Exercise description
Pictures stay out; please output the remaining data exactly.

Raw data
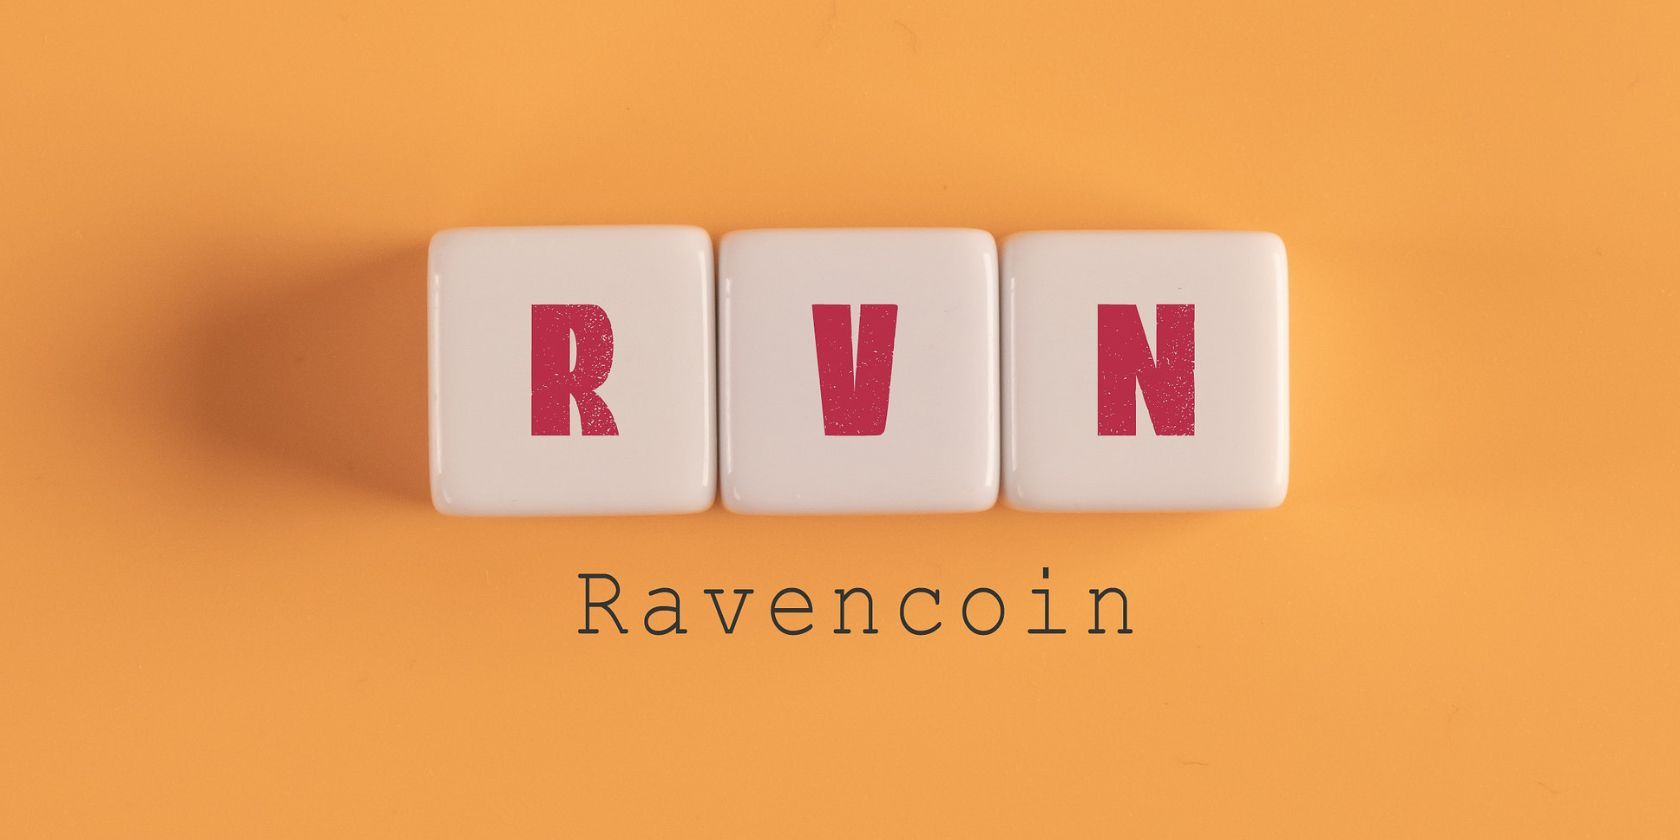 ravencoin abbreviated using scrabble pieces
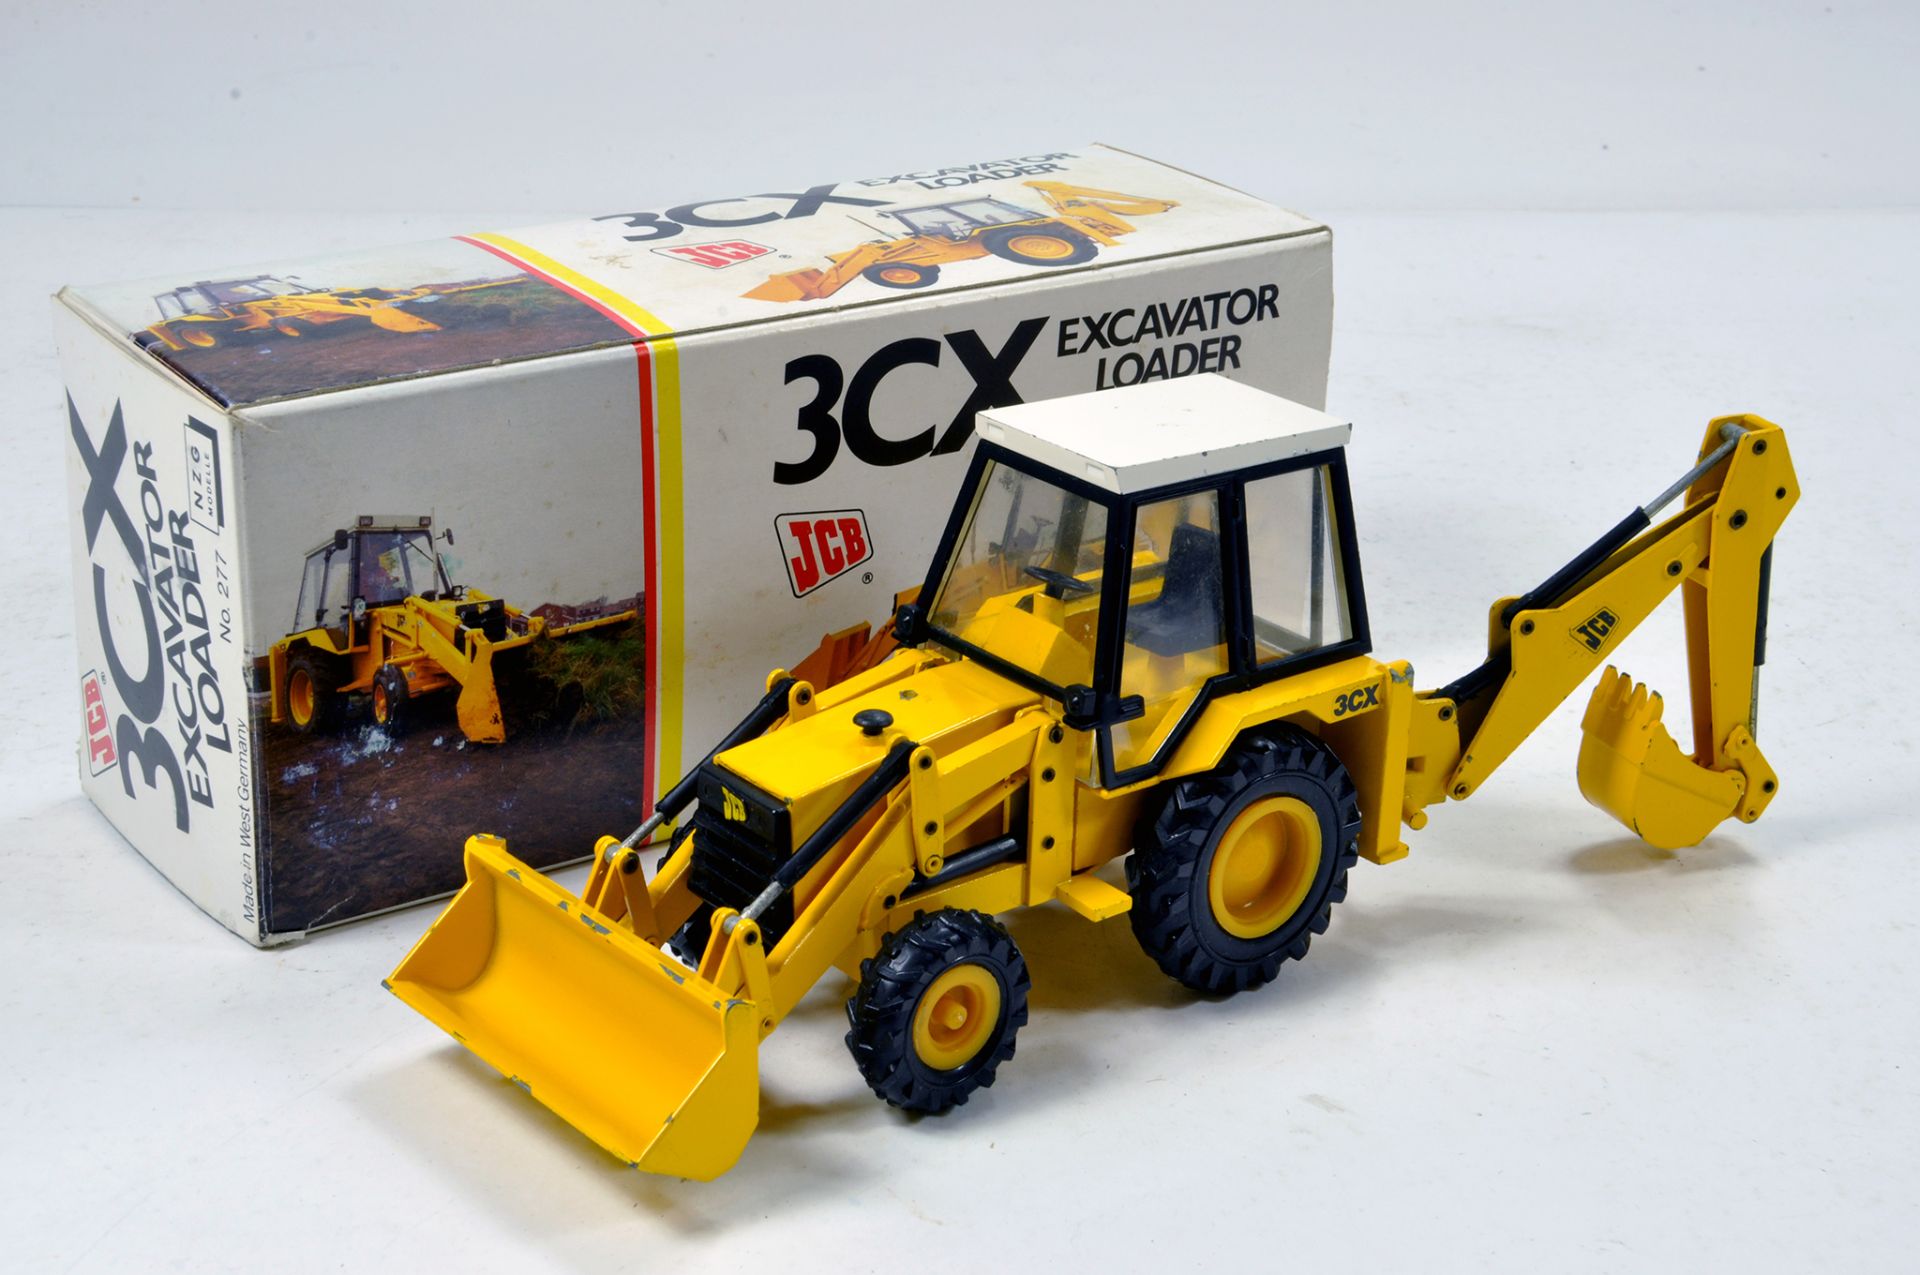 NZG 1/35 Diecast Construction Issue Comprising JCB 3CX Excavator Loader. Generally VG (missing
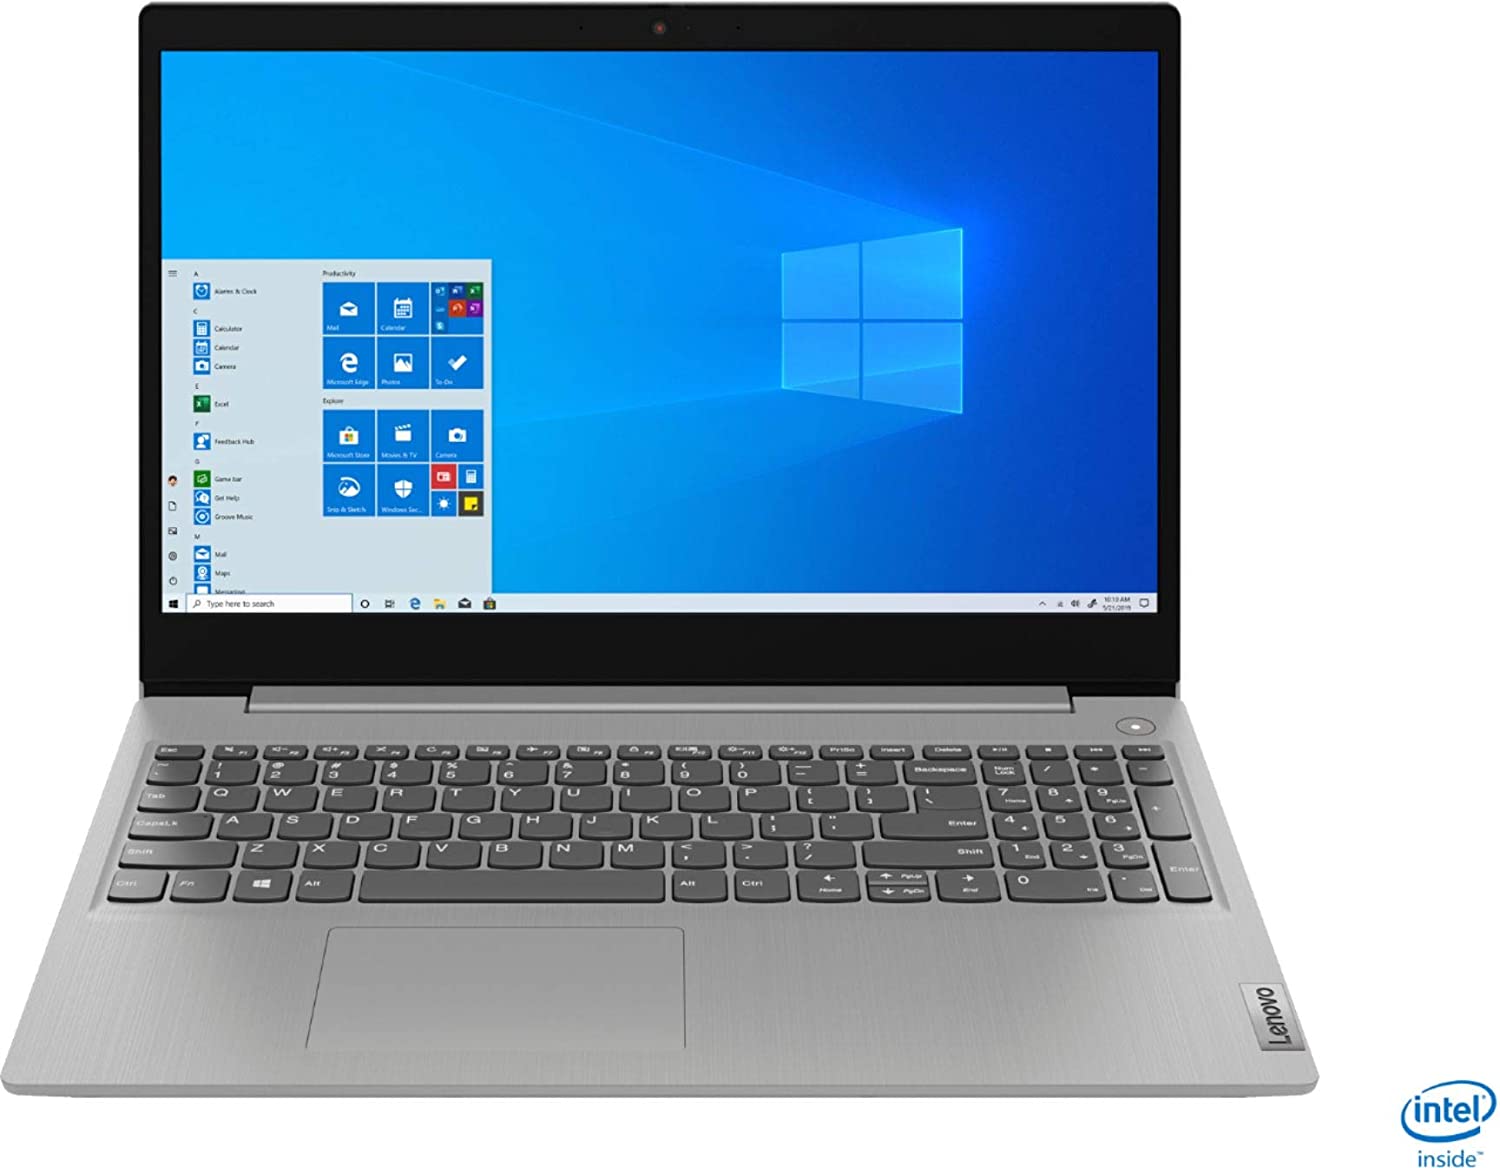 Lenovo - IdeaPad 3 15" Laptop - Intel Core i3-1005G1 - 8GB Memory - 256GB SSD - Platinum Grey - 81WE011UUS - image 1 of 6

Answer area
 ravencoin abbreviated using scrabble pieces
 NZG 1/35 Diecast Construction Issue Comprising JCB 3CX Excavator Loader. Generally VG (missing
 Lenovo - IdeaPad 3 15" Laptop - Intel Core i3-1005G1 - 8GB Memory - 256GB SSD - Platinum Grey - 81WE011UUS - image 1 of 6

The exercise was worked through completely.